Nebula Awards Showcase 60
- Cover of first edition
- Editor: Stephen Kotowych
- Cover artist: Lauren Raye Snow
- Language: English
- Series: Nebula Awards Showcase
- Genre: Science fiction and fantasy
- Publisher: SFWA, Inc.
- Publication date: 2025
- Publication place: United States
- Media type: Print (paperback), ebook
- Pages: 262
- ISBN: 978-1-958243-08-4
- Preceded by: Nebula Awards Showcase 59
- Followed by: Nebula Awards Showcase 61

= Nebula Awards Showcase 60 =

2025 anthology edited by Stephen Kotowych

Nebula Awards Showcase 60: The Year's Best Science Fiction and Fantasy is an anthology of science fiction and fantasy short works edited by Stephen Kotowych.

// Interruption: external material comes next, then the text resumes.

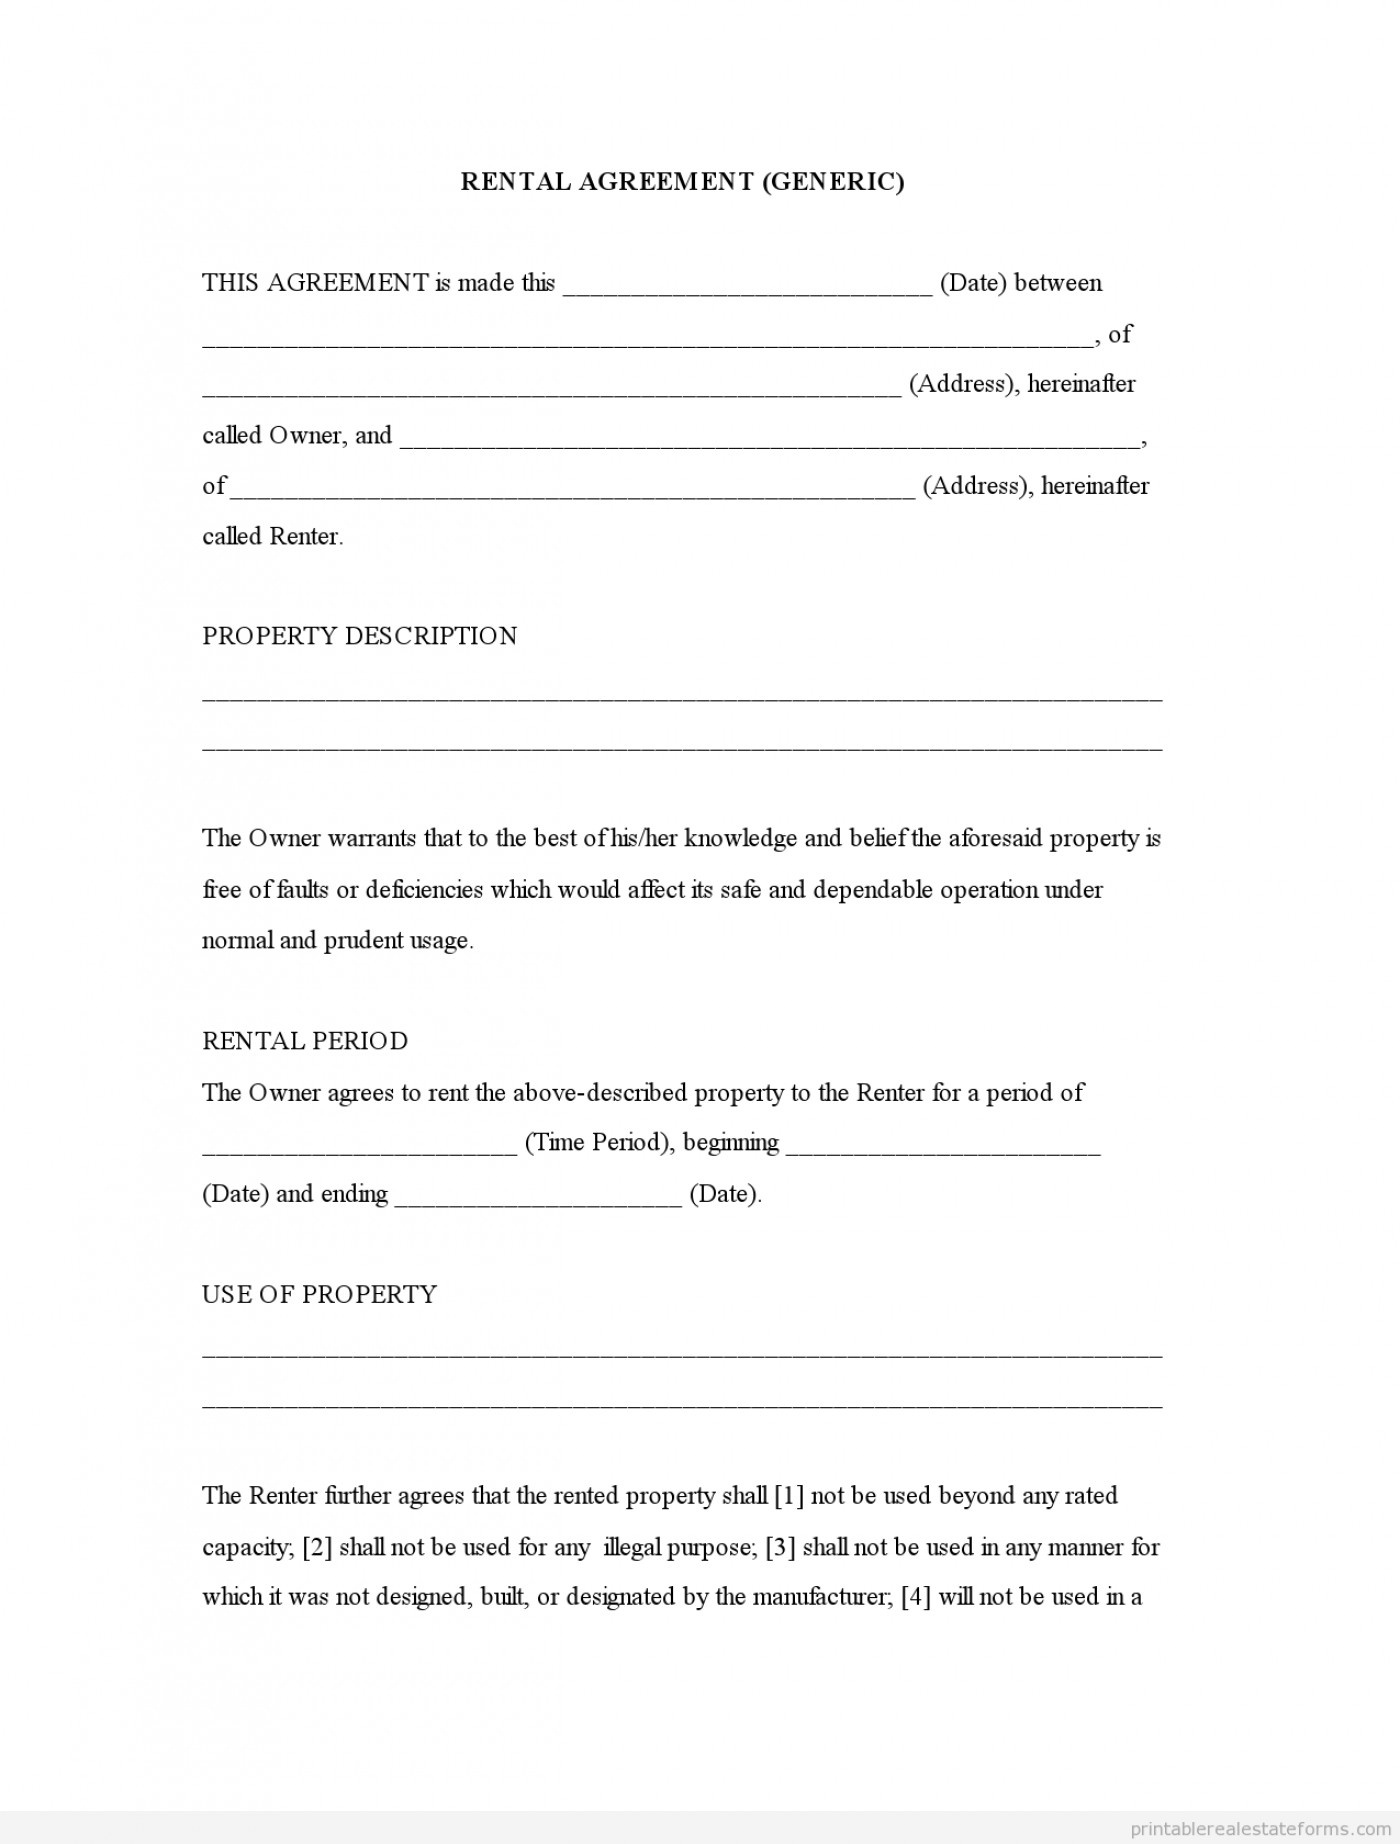 Printable Blank Rental Lease Agreement - Mandanlibrary - Free Printable Rental Agreement

It was first published in paperback and ebook by Science Fiction and Fantasy Writers of America, Inc. on June 9, 2025.

==Summary==
The book collects pieces that won or were nominated for the Nebula Awards for novella, novelette, and short story for the year 2024 (presented in 2025), as well as other material. Not all nominated stories are included; in particular, all non-winning nominees for best novella are omitted.

==Contents==
- "Introduction" (Stephen Kotowych)
- Short Stories
  - "Why Don't We Just Kill the Kid in the Omelas Hole" [best short story winner] (Isabel J. Kim)
  - "The V*mpire" [best short story nominee] (P. H. Lee)
  - "Five Views of the Planet Tartarus" [best short story nominee] (Rachael K. Jones)
  - "The Witch Trap" [best short story nominee] (Jennifer Hudak)
  - "Evan: A Remainder" [best short story nominee] (Jordan Kurella)
  - "We Will Teach You How to Read" [best short story nominee] (Caroline M. Yoachim)
- Novelettes
  - "Negative Scholarship on the Fifth State of Being" [best novelette winner] (A. W. Prihandita)
  - "Katya Vasilievna and the Second Drowning of Baba Rechka" [best novelette nominee] (Christine Hanolsy)
  - "Joanna's Bodies" [best novelette nominee] (Eugenia Triantafyllou)
  - "Another Girl Under the Iron Bell" [best novelette nominee] (Angela Liu)
  - "The Brotherhood of Montague St. Video" [best novelette nominee] (Thomas Ha)
  - "What Any Dead Thing Wants" [best novelette nominee] (Aimee Ogden)
  - "Loneliness Universe" [best novelette nominee] (Eugenia Triantafyllou)
- Novella
  - "The Dragonfly Gambit" (excerpt) [best novella winner] (A. D. Sui)
- "Novella & Novel Finalists"
- "MultiMedia Award Finalists"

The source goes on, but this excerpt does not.